On June 19, 2007, the Internet Corporation for Assigned Names and Numbers (ICANN) announced its .test plan of the Internationalized Domain Names (IDN) concept (www.icann.org/announcements/announcement-2-19jun07.htm). Those wishing to comment on or to respond to the proposed .test plan may do so online by July 31, 2007.
ICANN is reconsidering what some have called "non-English" generic top-level domain names (gTLDs) or domain suffixes. Instead of using Roman (not English) characters after the final "dot" in an Internet address, other characters could find their way to the right of that dot. To set the record straight, ICANN does not refer to "non-English" characters, for indeed, we are not talking about English "letters." ICANN has a more neutral term: Internationalized Domain Names (IDN). So, as a first order of business, let us stop referring to non-English characters and start calling them what they are: IDNs.
As early as September 2000, the ICANN governing board asserted "that it is important that the Internet evolve to be more accessible to those who do not use the ASCII character set" and that "the internationalization of the Internet’s domain name system must be accomplished through standards that are open, non-proprietary, and fully compatible with the Internet’s existing end-to-end model and that preserve globally unique naming in a universally resolvable public name space" (www.icann.org/topics/idn).
Incorporating non-Roman characters may prove to be a complex undertaking. The Rosetta Project (www.rosettaproject.org/about-us/about-us) has identified more than 2,500 different languages. Some of these languages are not written. But consider some of the major extant character sets: Arabic, Chinese, Cyrillic, Greek, Hebrew, Hindi, Korean, Japanese, Roman, Thai, and Vietnamese—in sum, the range of orthography living and dead.
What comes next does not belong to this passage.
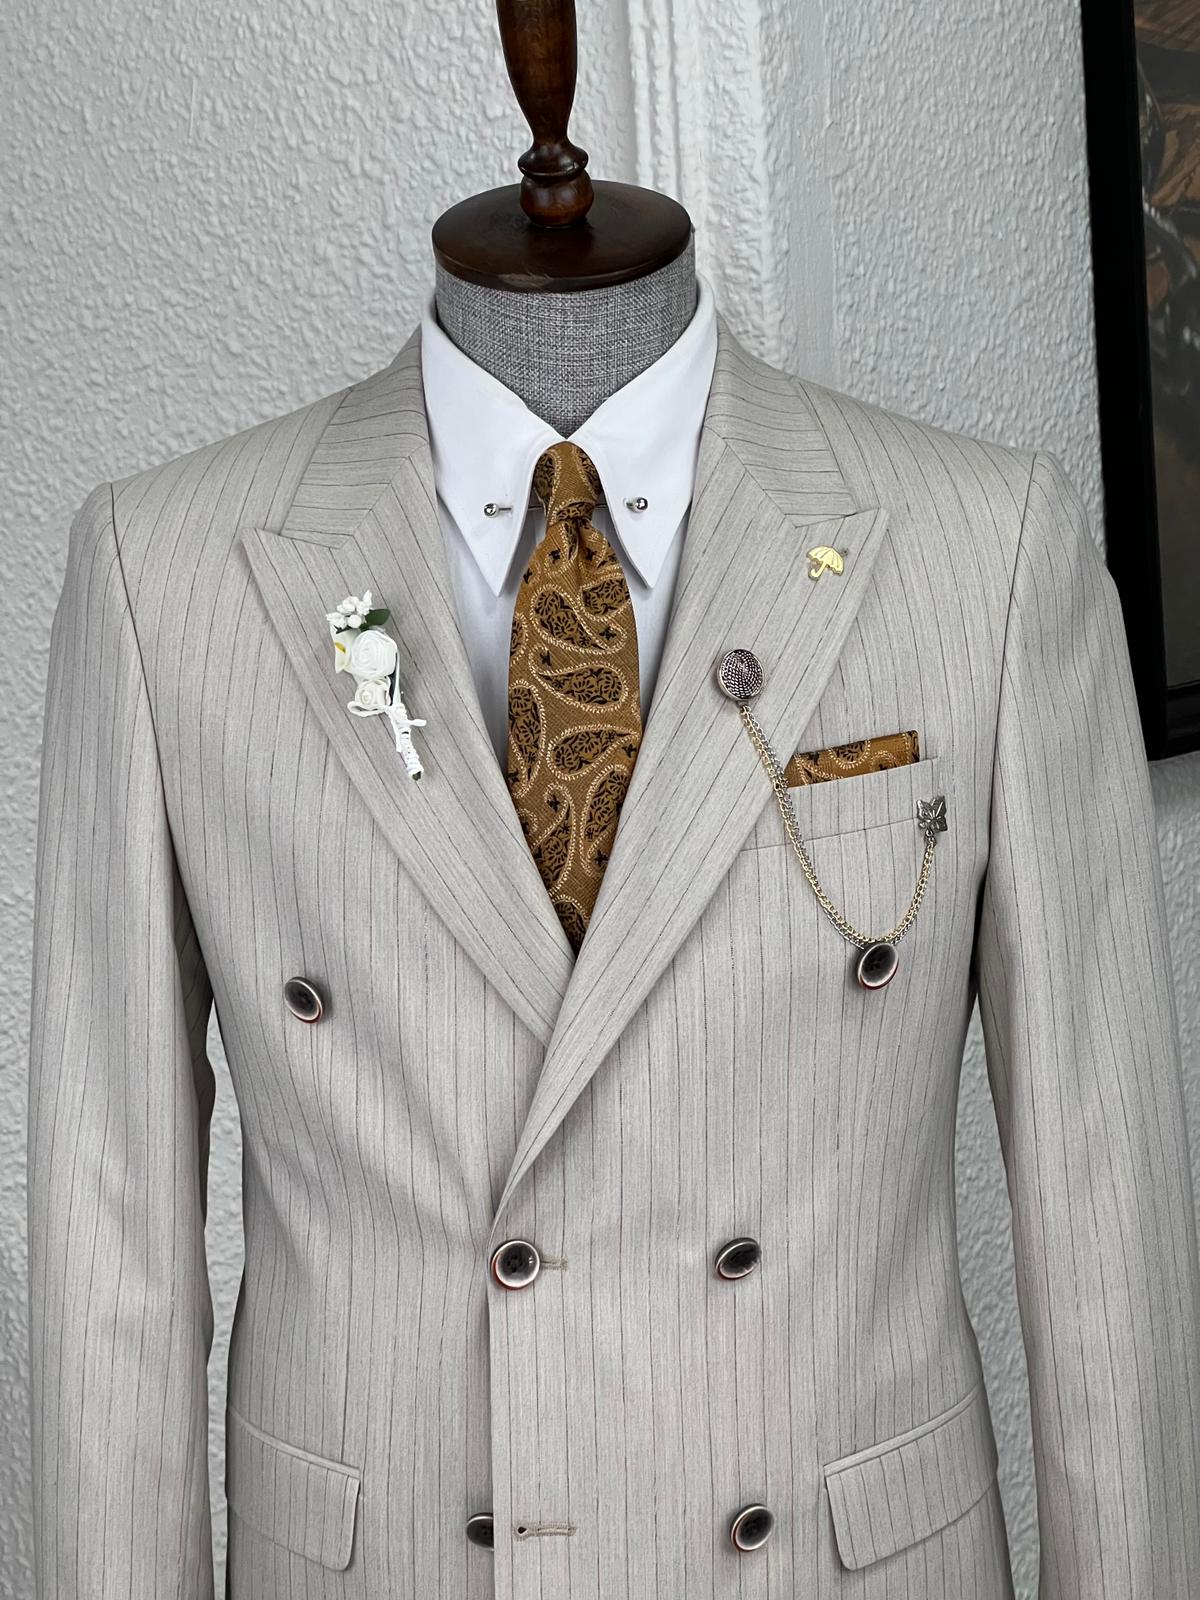 Veneta Slim Fit High Quality Striped Double Breasted Beige Woolen Suit

These comprise alphabetic or phonetic scripts where symbols represent (more or less) sounds, ideographic or logographic scripts where symbols represent concepts, and those systems that combine the two. Phonetically based scripts incorporate logograms. Consider these in common use: € ∞, and ©, not to mention national flags or these symbols:
In principle, there is no reason why symbols sets could not be intermixed. For example, from randomly entering Unicode symbols I propose the following TLD: ; that is to say Unicode’s FB38, 21AF, and 2345. It is equally possible to remain in the Roman character domain and add accent marks to the mix: What if .com were revised and ICANN supported .com, .còm, .cóm, .côm, .cõm, and .cöm?
There are software issues, as explained in the ICANN document. Domain names such as www.infotoday.com are surrogates for a specific number address, hence ICA Names and Numbers. Names and numbers servers convert alphanumeric domain names to specific numbers. Infotoday.com actually has the Internet address or IP Number 22.214.171.124. There may be more than one alphanumeric domain name associated with a single IP Number. ICANN is concerned that the name/number resolving software may be insufficiently robust at this time to accommodate the many possible symbol permutations for gTLDs that may be presented. Hence the .test.
I don’t doubt for a minute that name/number servers can or soon will be able to resolve most character sets. There are different implications for the Searcher set. Consider three examples from the ccTLD (country code) arena. Many ccTLDs employ an abbreviation at the second level (2TLD) to categorize the site. These sometimes follow gTLD nomenclature (the original "seven") and sometimes not. Thus, a government site in Mexico carries a .gob.mx "label": .gob for gobierno (government in Spanish) and .mx for Mexico. Academic sites in the United Kingdom are indicated as .ac.uk. Organizational sites in Japan carry the 2LD and ccTLD of .or.jp. At a minimum it is useful for a searcher to be aware of these conventions. Additional levels of complexity are introduced when different language abbreviations are used, like .gob. Far more complexity is introduced into the system if and when .or.jp, for example, is rendered in Japanese. As the number of approved scripts increases, so will the level of complexity.I don’t believe that the Internet should be restricted to Latin scripts or to some limited number of character strings. Every language system should have a place at the table. That said, the level of complexity inherent in domain names will make the searching profession ever more challenging. All in all, I think we will manage. My key worry is how to key in what are certain to be difficult email addresses.